Le Cap, en Afrique du Sud, franchit une étape majeure dans la transition vers une mobilité urbaine décarbonée. La ville a lancé une flotte de minibus électriques destinés au transport en commun, une initiative qui résonne bien au-delà des frontières sud-africaines et interpelle les métropoles africaines sur la faisabilité et les bénéfices d’une transition énergétique dans le secteur des transports.
Cette décision intervient dans un contexte où les villes africaines, confrontées à une croissance urbaine exponentielle et à des défis de pollution atmosphérique, cherchent des solutions de mobilité durables et inclusives. Le Cap, avec ses 4 millions d’habitants, figure parmi les plus grandes agglomérations du continent et joue souvent un rôle de laboratoire pour les innovations urbaines.
Un modèle d’électrification progressive
Le recours aux e-buses répond à plusieurs objectifs simultanés : réduire les émissions de gaz à effet de serre, améliorer la qualité de l’air dans les zones densément peuplées, et proposer un transport en commun plus silencieux et efficace énergétiquement. Ces minibus électriques consomment moins d’énergie et génèrent des coûts d’exploitation potentiellement plus bas que les autobus diesel traditionnels, bien que l’investissement initial reste substantiel.
L’initiative capoise s’inscrit dans une dynamique continentale plus large. Plusieurs villes africaines, du Caire à Lagos en passant par Nairobi, explorent ou testent des solutions similaires. Cependant, les défis restent importants : développement d’infrastructures de recharge, coûts de batterie, et disponibilité d’électricité fiable constituent autant de goulots.
Implications pour l’Afrique de l’Ouest
Pour la région CEDEAO, dont la Guinée est membre, ce modèle sud-africain offre des perspectives intéressantes. Les grandes villes ouest-africaines, notamment Conakry, Dakar, Accra et Abidjan, font face à des crises de mobilité aigues : embouteillages chroniques, pollution urbaine croissante, et transport informel dominant. Une électrification progressive du parc de minibus urbains pourrait constituer une réponse à la fois climatique et sanitaire.
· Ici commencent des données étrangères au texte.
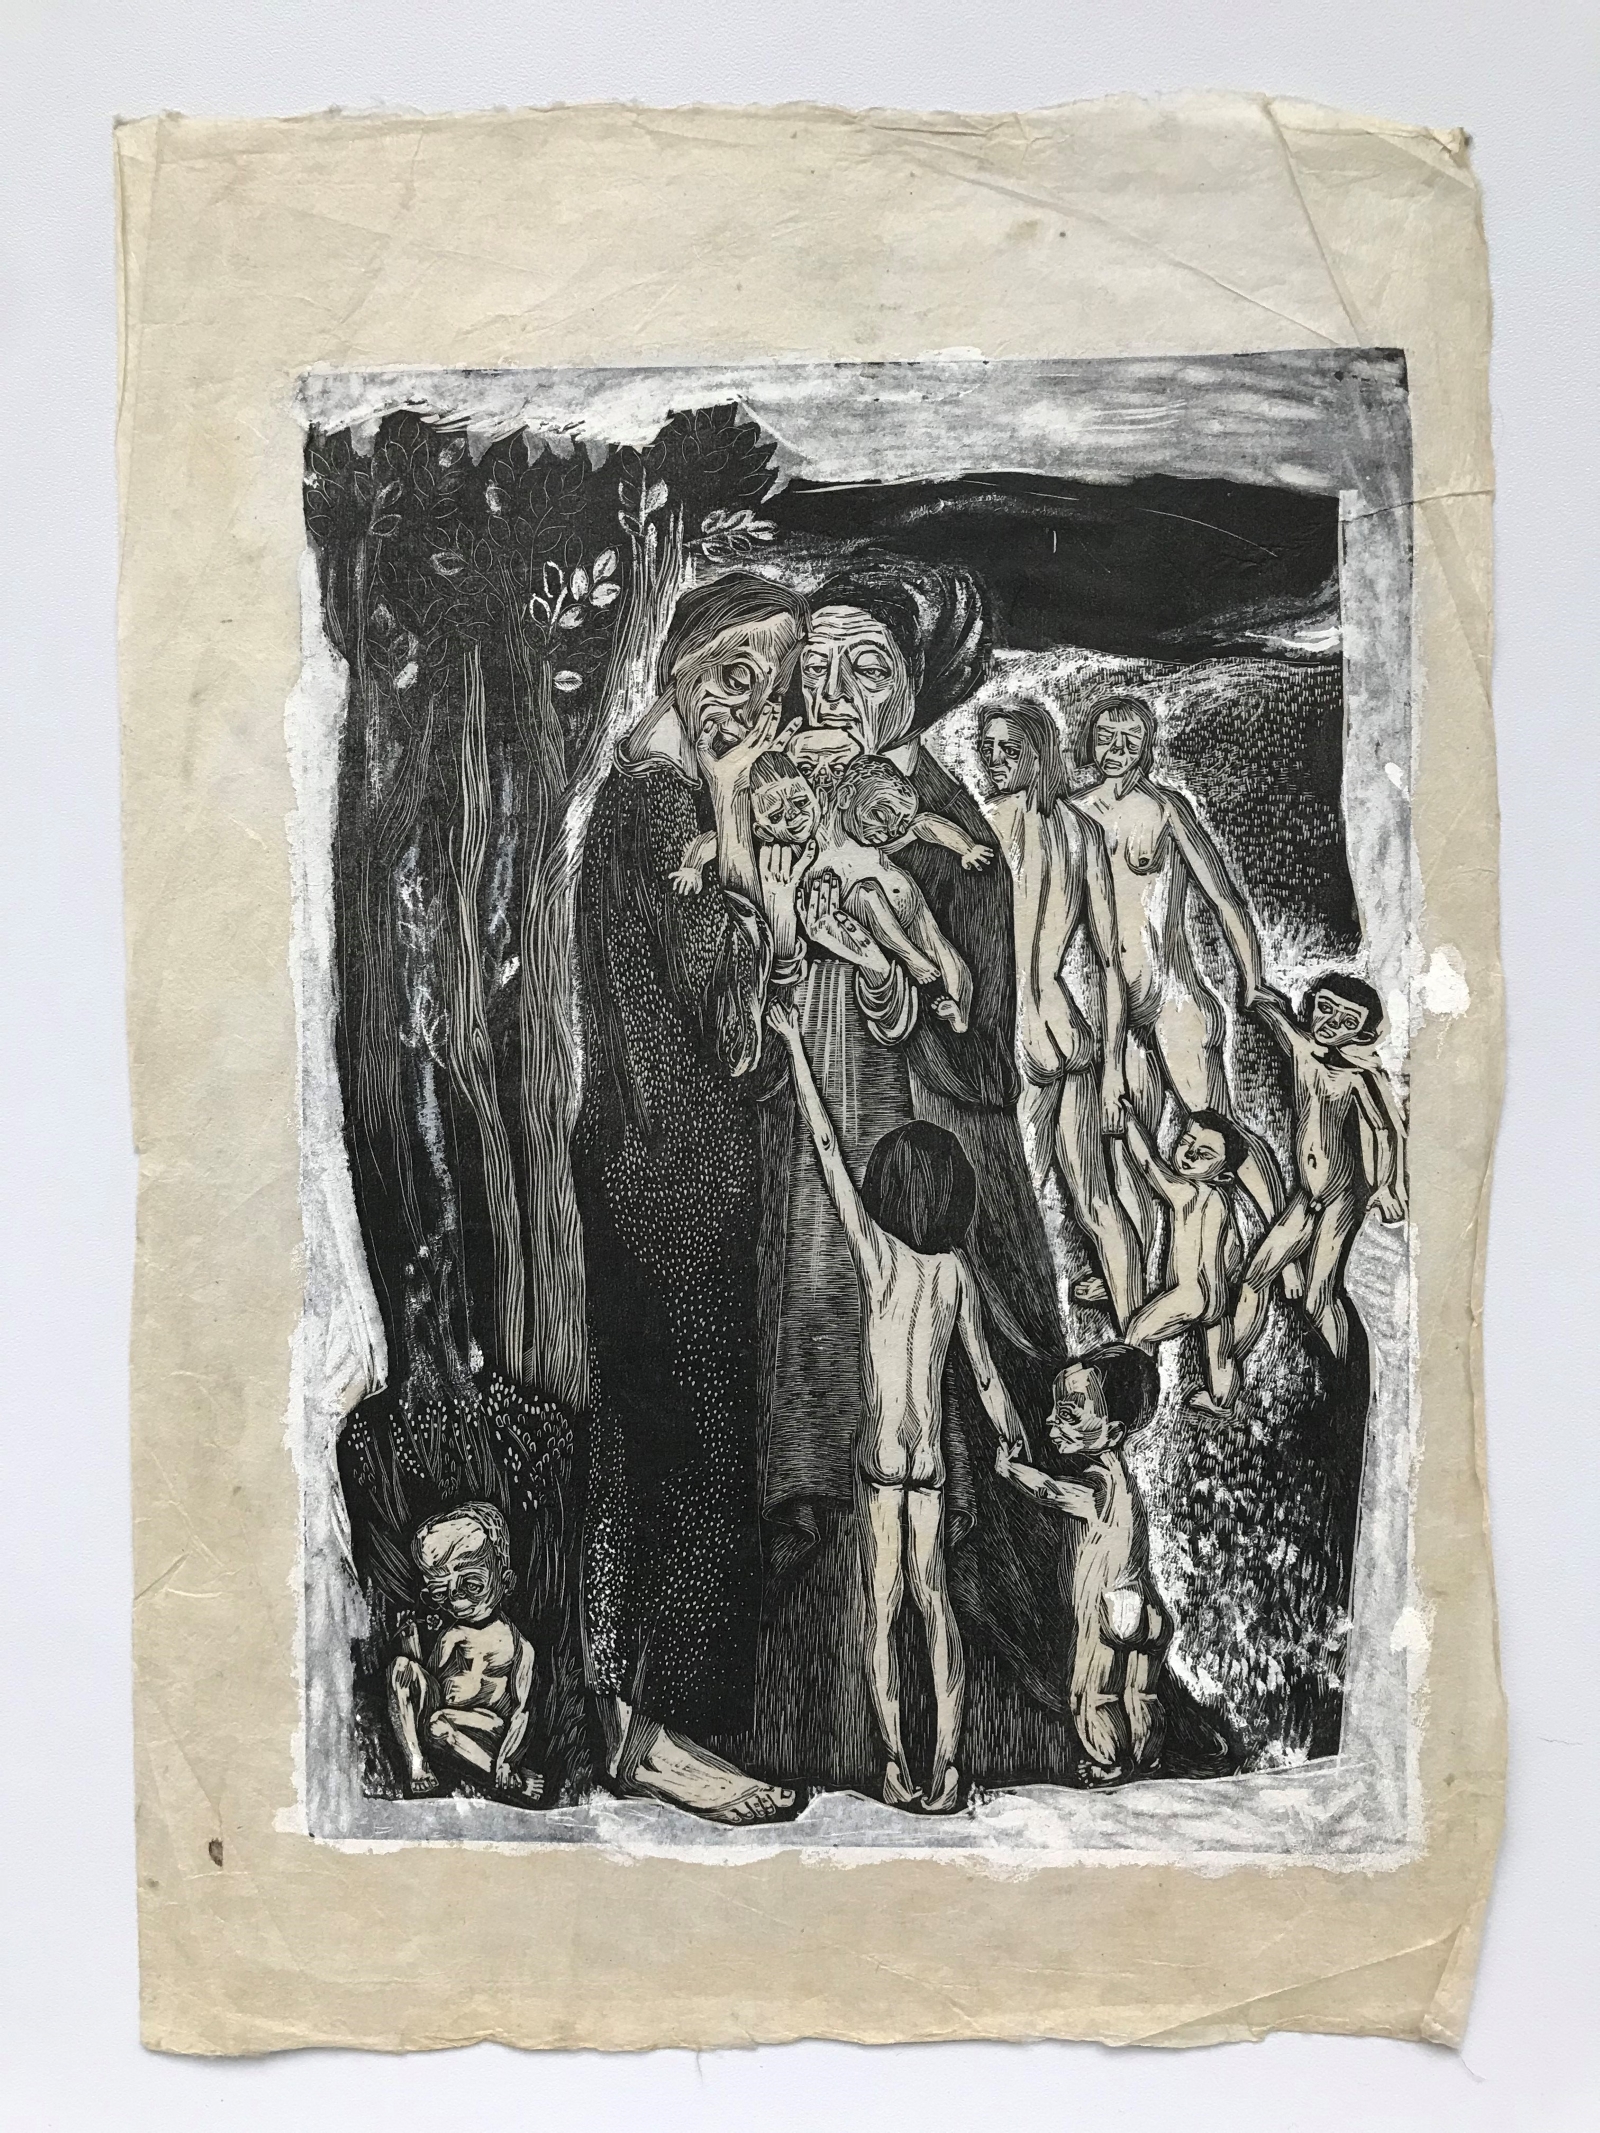 Praca Olgi Siemaszko - na czarnym tle, przy drzewie stoją wychudzone postacie starców, dorosłych i dzieci.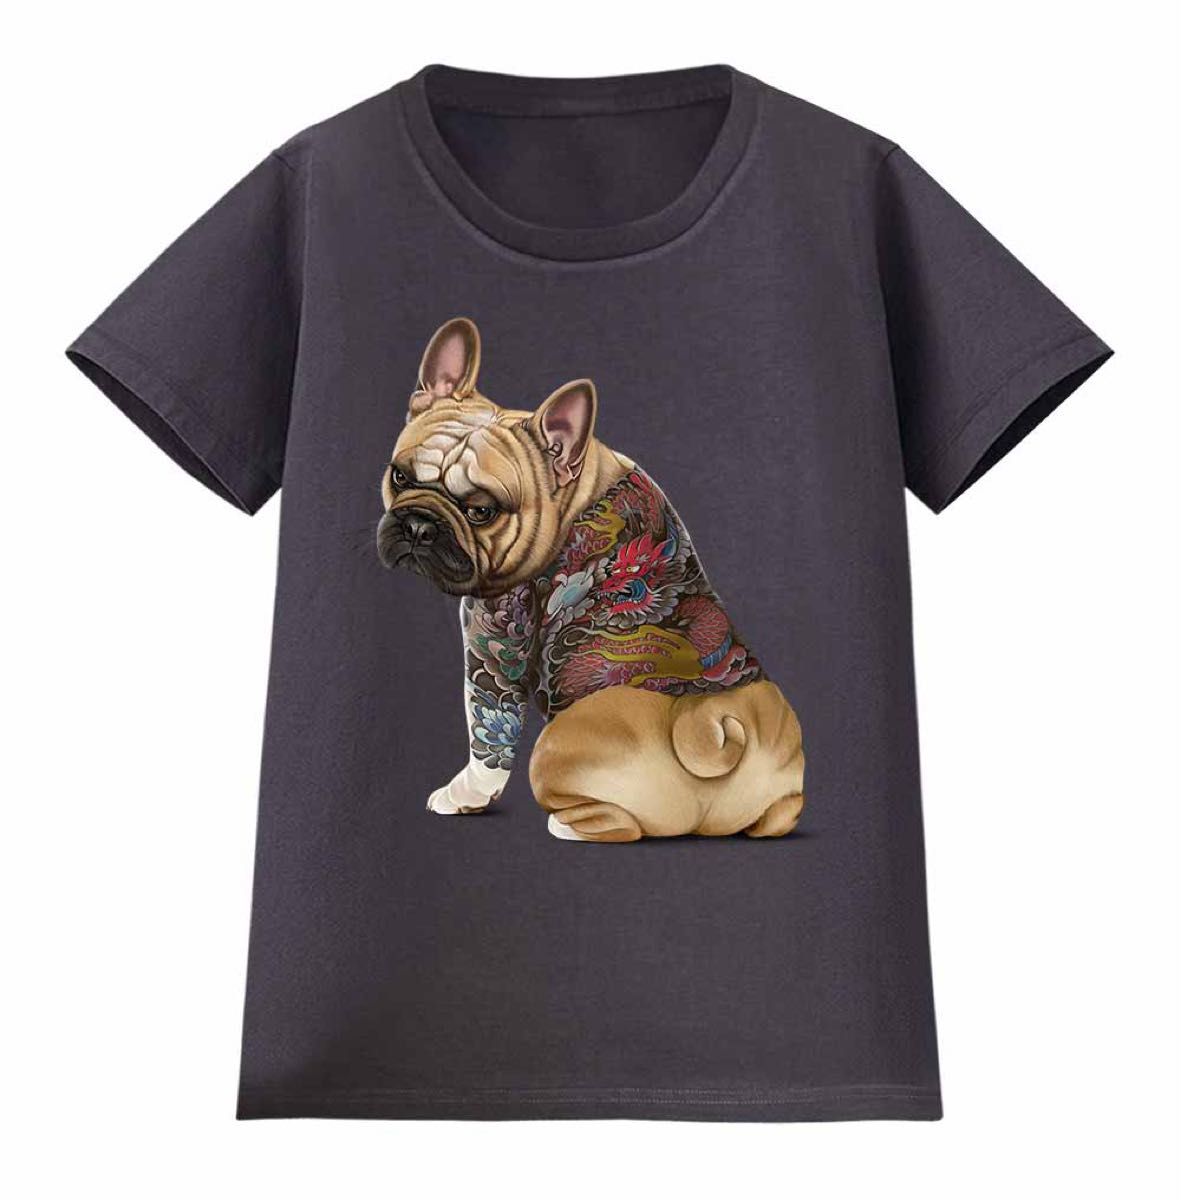 フレンチブルドッグ 犬 いぬ タトゥー 刺青 半袖 Tシャツ メンズ レディース

Les institutions régionales, comme la Banque africaine de développement et la Commission de la CEDEAO, ont intégré la mobilité durable à leurs agendas. Des financements verts et des partenariats public-privé pourraient faciliter l’adoption de technologies similaires à celle du Cap dans les capitales ouest-africaines, à condition que les gouvernements définissent des cadres politiques clairs et que les capacités locales de maintenance soient développées.
Leçons et points de vigilance
L’expérience du Cap demontre qu’une transition énergétique des transports urbains est techniquement viable, même dans un contexte de contraintes économiques. Toutefois, plusieurs facteurs restent à vérifier : le taux d’adoption réel, la durée de vie opérationnelle des batteries en climat chaud, les modèles économiques de rentabilité, et l’impact sur l’emploi dans le secteur des transports routiers.
Pour les villes africaines envisageant un parcours similaire, l’implication des autorités locales, l’accès à des financements concessionnels, et le renforcement des capacités techniques demeurent critiques. La Guinée, comme d’autres pays CEDEAO, pourrait s’inspirer de cette approche en amorçant des projets pilotes dans ses principaux centres urbains, en partenariat avec des bailleurs multilatéraux et des acteurs privés du secteur technologique.
Le Cap ne résout pas à lui seul la crise de la mobilité urbaine africaine, mais elle démontre qu’une transition vers les transports décarbonés est possible et commence à produire des résultats concrets.